In class, last night, we were asked to take what we learned about research study design and create a visual representation of what we determined to be the most important points. Brief explanation of that which isn’t clear:

  • The arrows point to the reflexive and reflective processes, which are ubiquitous in the research process. At any point, the researcher may change direction/methods/etc because of what they discover during these processes.
  • In reflecting on our drawing during presenting to the class, we added petals to the flower labeled “Data Collection.” Some example petals are questionnaires, interviews, videos, and surveys.

Through our conversations surrounding presentations of the visuals we created a number of questions were presented and answered about the research process and the language we use to describe it.

Reflection and reflexivity are processes where the researcher thinks about themselves and their relationship to the project as a whole. The purpose is to make sure the researcher is aware of his positionality and how that affects his research. The iterative process, however, is reflection that involves repeating processes (though not always in the same way). I see the iterative process kind of like this:

Steel-Spiral-Ring.jpg

(From http://goo.gl/LhZG)

So we can conclude that research is very much not a linear process. I wanted to create a flowchart to make it more linear, but even that seemed way too complicated. So I guess I’ll stick with the flowers.

Qualitative research is contextually bound.

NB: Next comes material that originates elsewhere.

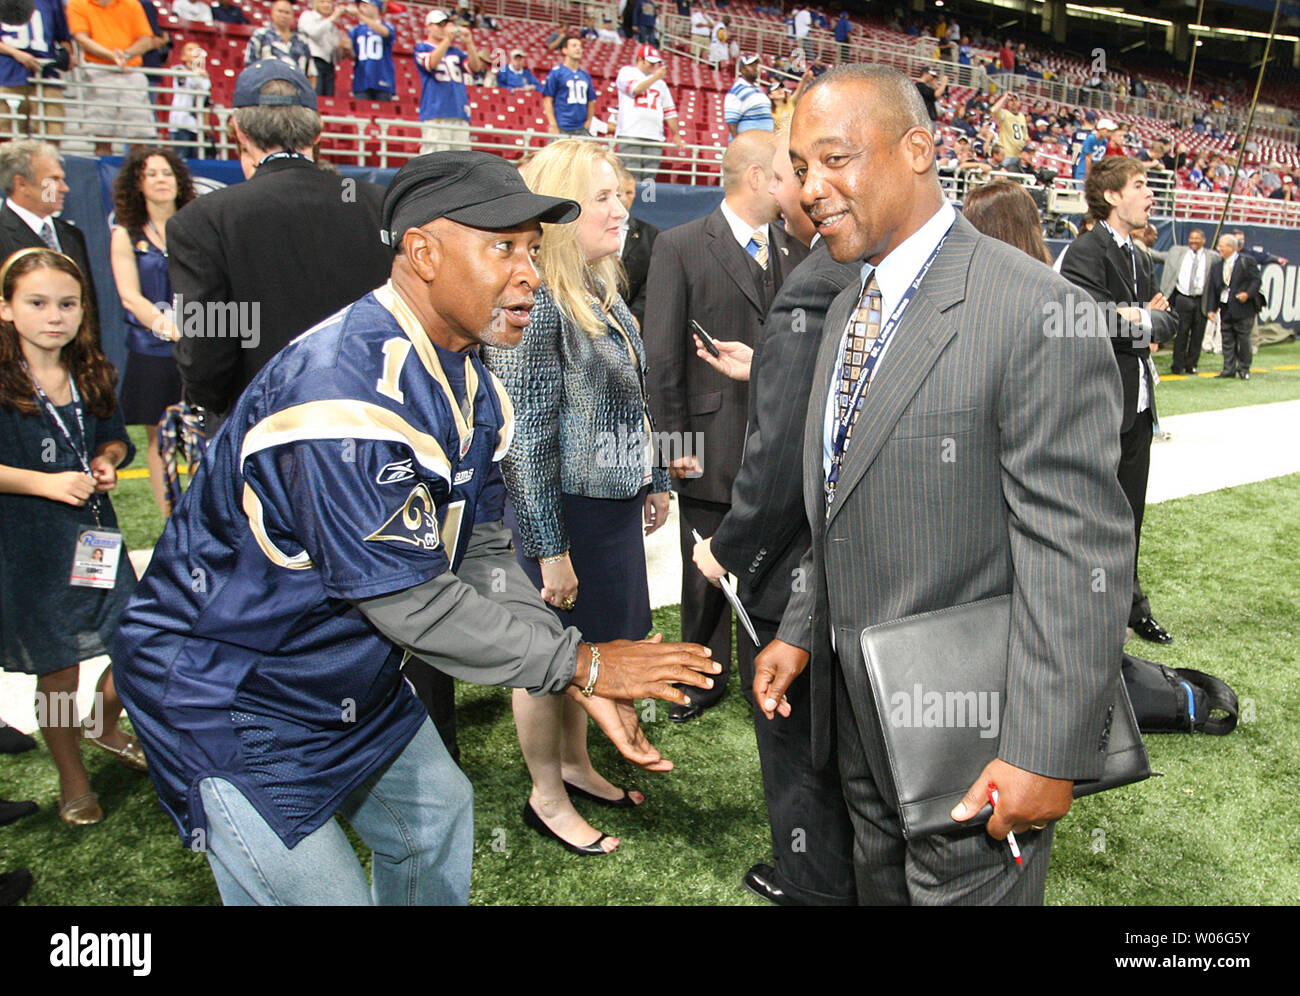 National Baseball Hall of Fame member Ozzie Smith (L) shows former St. Louis Football Cardinals running back Willard Harrell how to take a snap before the St. Louis Rams - New York Giants football game at the Edward Jones Dome in St. Louis on September 12, 2008. New York won the game 41-13.  (UPI Photo/Bill Greenblatt) Stock Photo
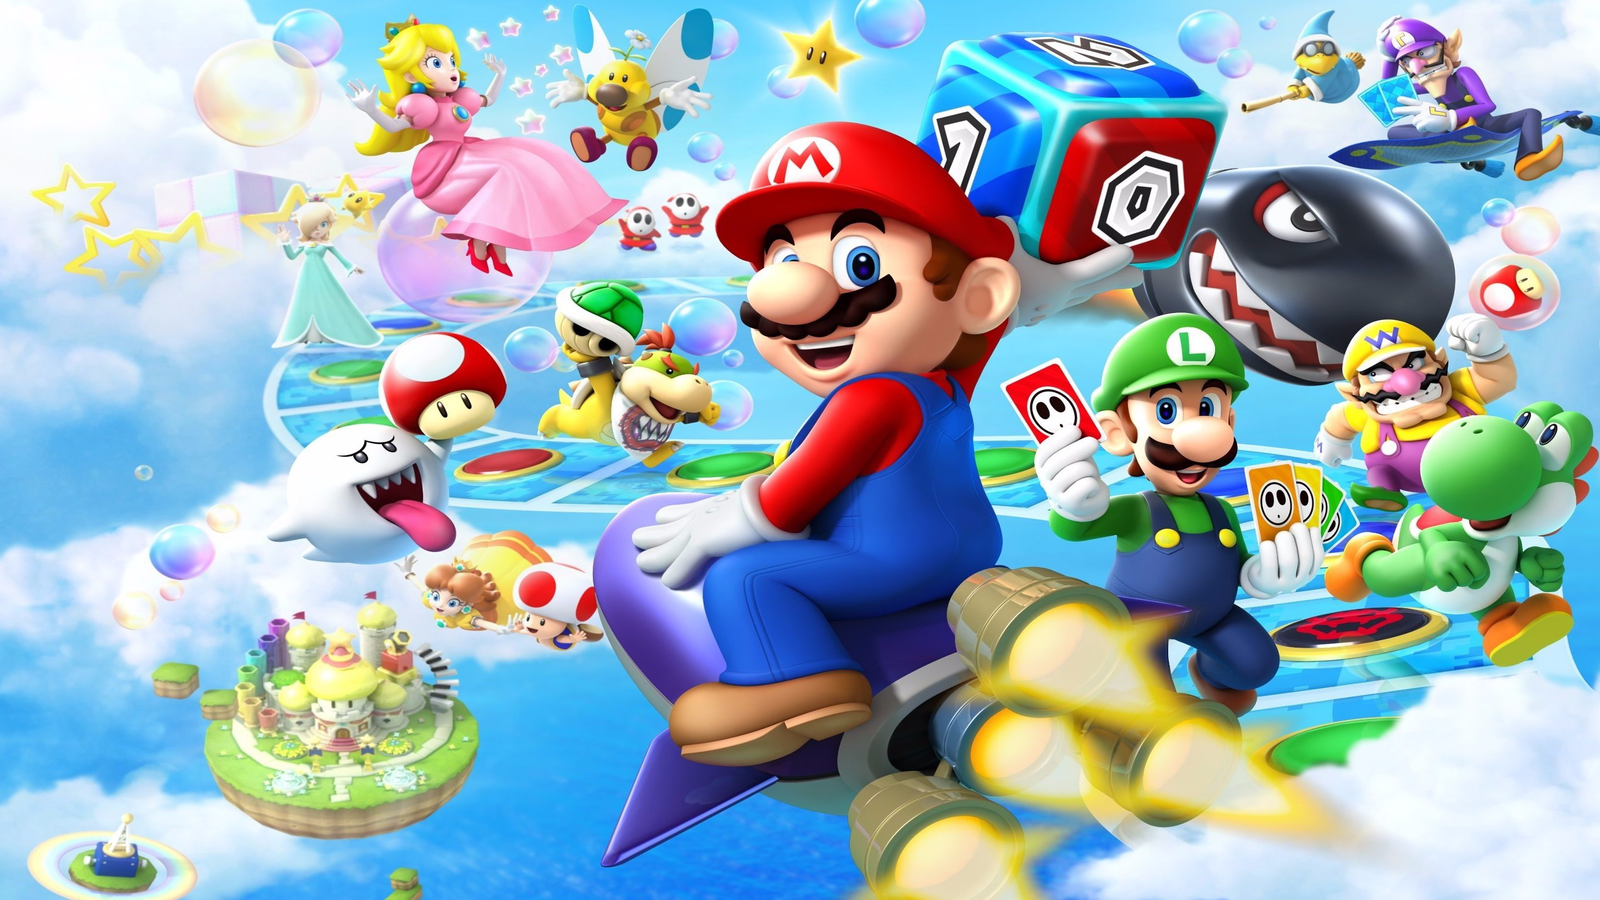 https://assetsio.reedpopcdn.com/mario-party-10-review-1426511331429.jpg?width=1600&height=900&fit=crop&quality=100&format=png&enable=upscale&auto=webp

There is no guarantee that the results will be transferrable to other situations, but the theories that come out of the research should be patterns that are applicable to observations in other places. That is what makes qualitative research transformable.

As researchers, we have to get to the point where we understand (and practice) the idea that absolutely everything we do is intentional. Because we have to justify more than quantitative researchers do, we have to be able to explain to people why we made the choices that we made. Every choice or occurrence (e.g. people not returning permission forms) affects the outcome of the study. As researchers, we have to be very aware, and make a point to talk about, the limitations of the study due to these choices or other things that happen through the course of the study.

One of my tasks following this posting is to go back and look at the article I read last week on bullying and examine at it more critically in terms of what we decided was important.